Franco-German Spat on Role of ECB Renewed - Bloomberg
The failure of European leaders to end the debt crisis with their broadest effort yet has revived a Franco-German dispute over the European Central Bank’s role and fueled investor concerns over policy makers’ economic impotence.
As holders of Greek debt begin talks in Athens on structuring a 50 percent writeoff that was the cornerstone of a deal pieced together last month at an all-night summit, officials in Berlin and Paris swapped barbs and European borrowing costs outside of Germany rose to euro-era records.
The discord highlighted markets’ brushoff of a package that included a scaled-up rescue fund, proposed guarantees of sovereign debt and a bid to attract more international loans.
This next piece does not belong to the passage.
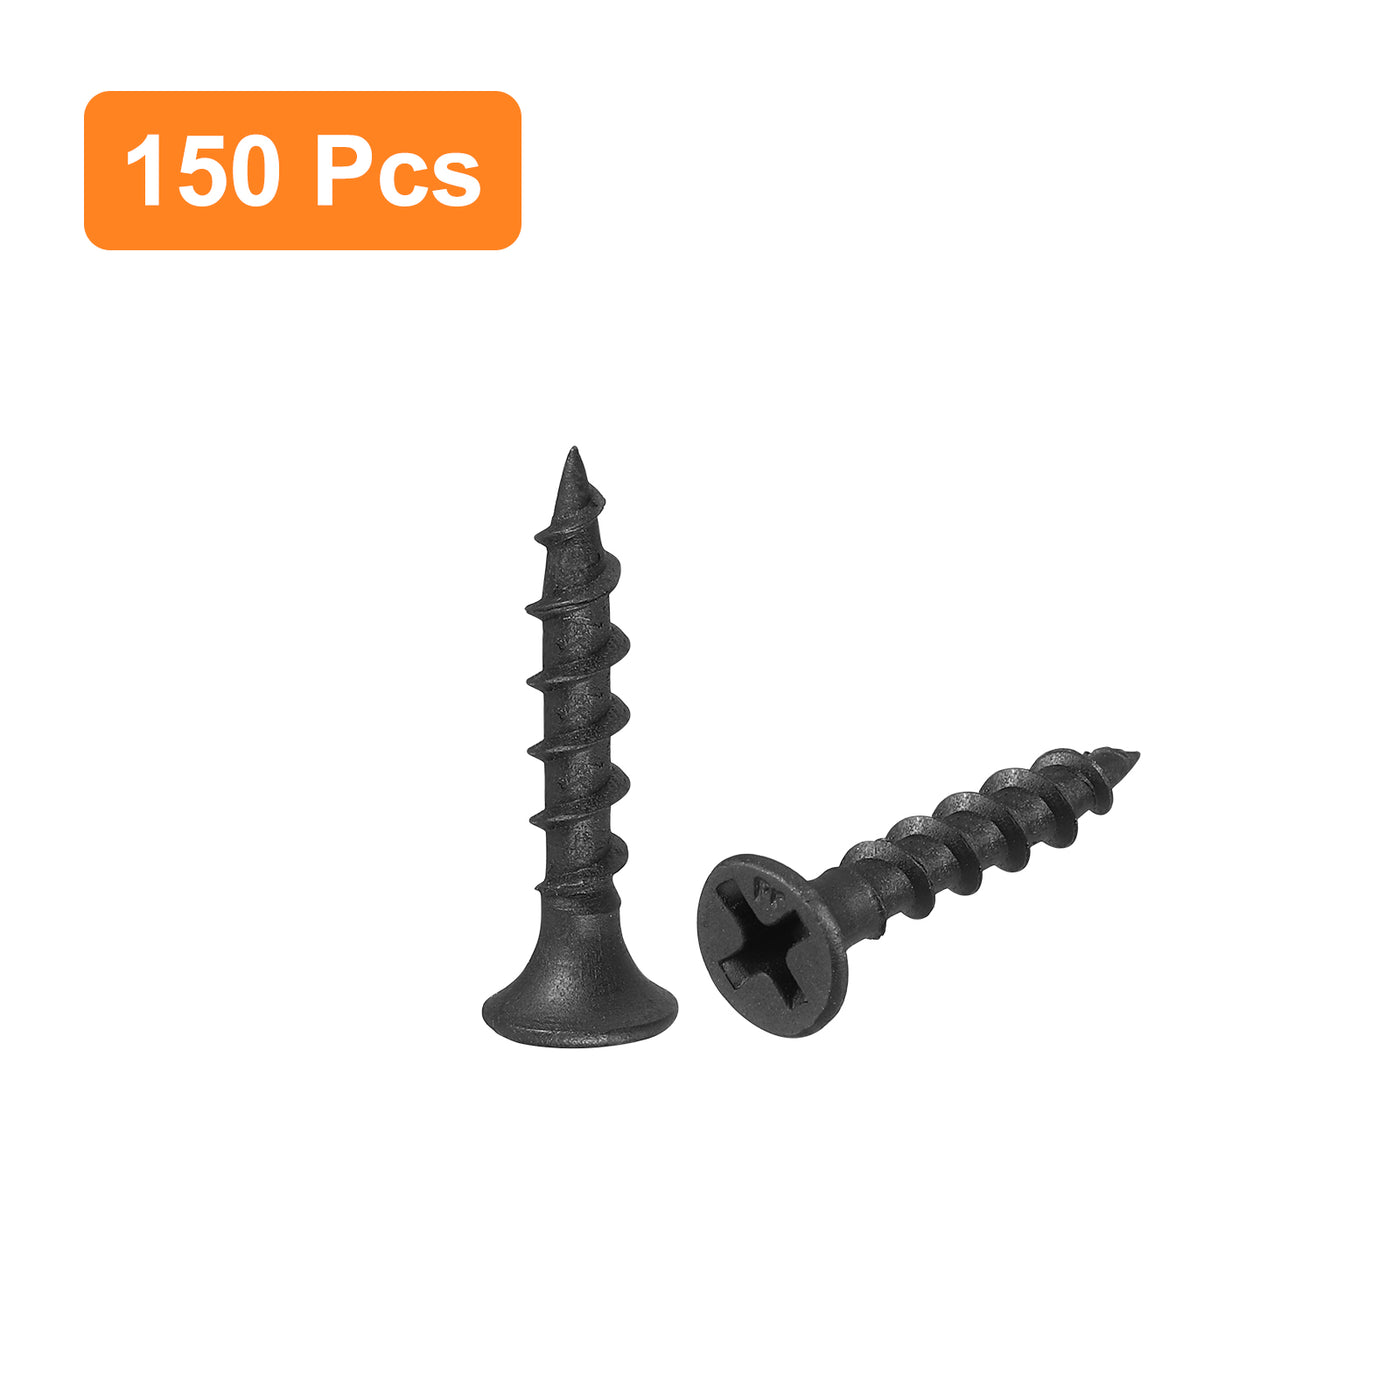 uxcell Uxcell M3.8x25mm 150pcs Phillips Drive Wood Screws, Carbon Steel Self Tapping Screws
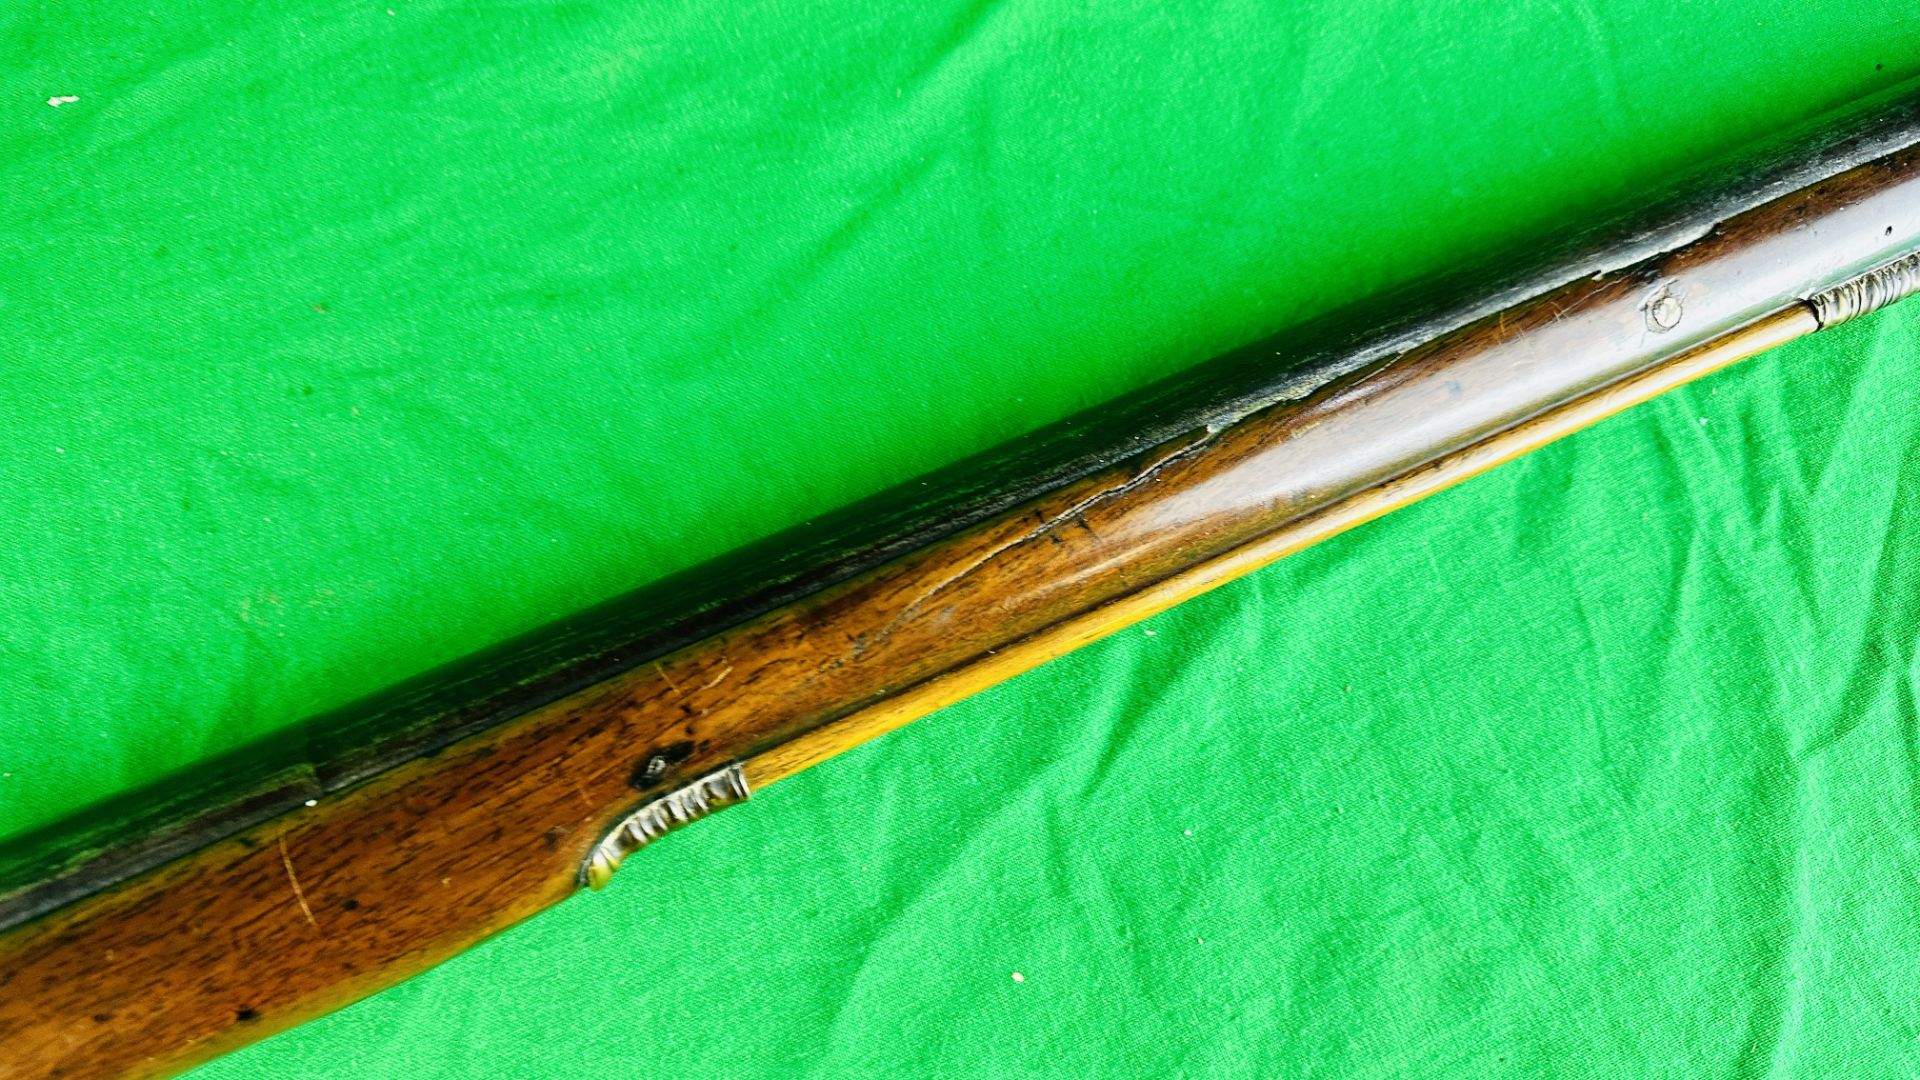 ANTIQUE PERCUSSION CAP MUZZLE LOADING SHOTGUN WITH LOADING ROD -COLLECTORS PIECE, - Image 6 of 18

The accord, which finance ministers aim to implement next month, was at least the fourth plan billed as a comprehensive strategy to end the crisis born in Greece in 2009, none of which provided a lasting fix.
“The crisis is clearly broadening,” Riccardo Barbieri, London-based chief European economist at Mizuho International Plc, told Bloomberg Radio’s Ken Prewitt yesterday. “Only Germany, and to some extent the Netherlands, are immune from the crisis at the moment.”
U.S. and European stocks fell as concern about the debt crisis outweighed a drop in American jobless claims and higher- than-forecast housing starts. The premium France pays over Germany to borrow for 10 years jumped to a record 200 basis points. Yields on bonds of countries from Portugal to Finland, the Netherlands to Austria also rose relative to Germany.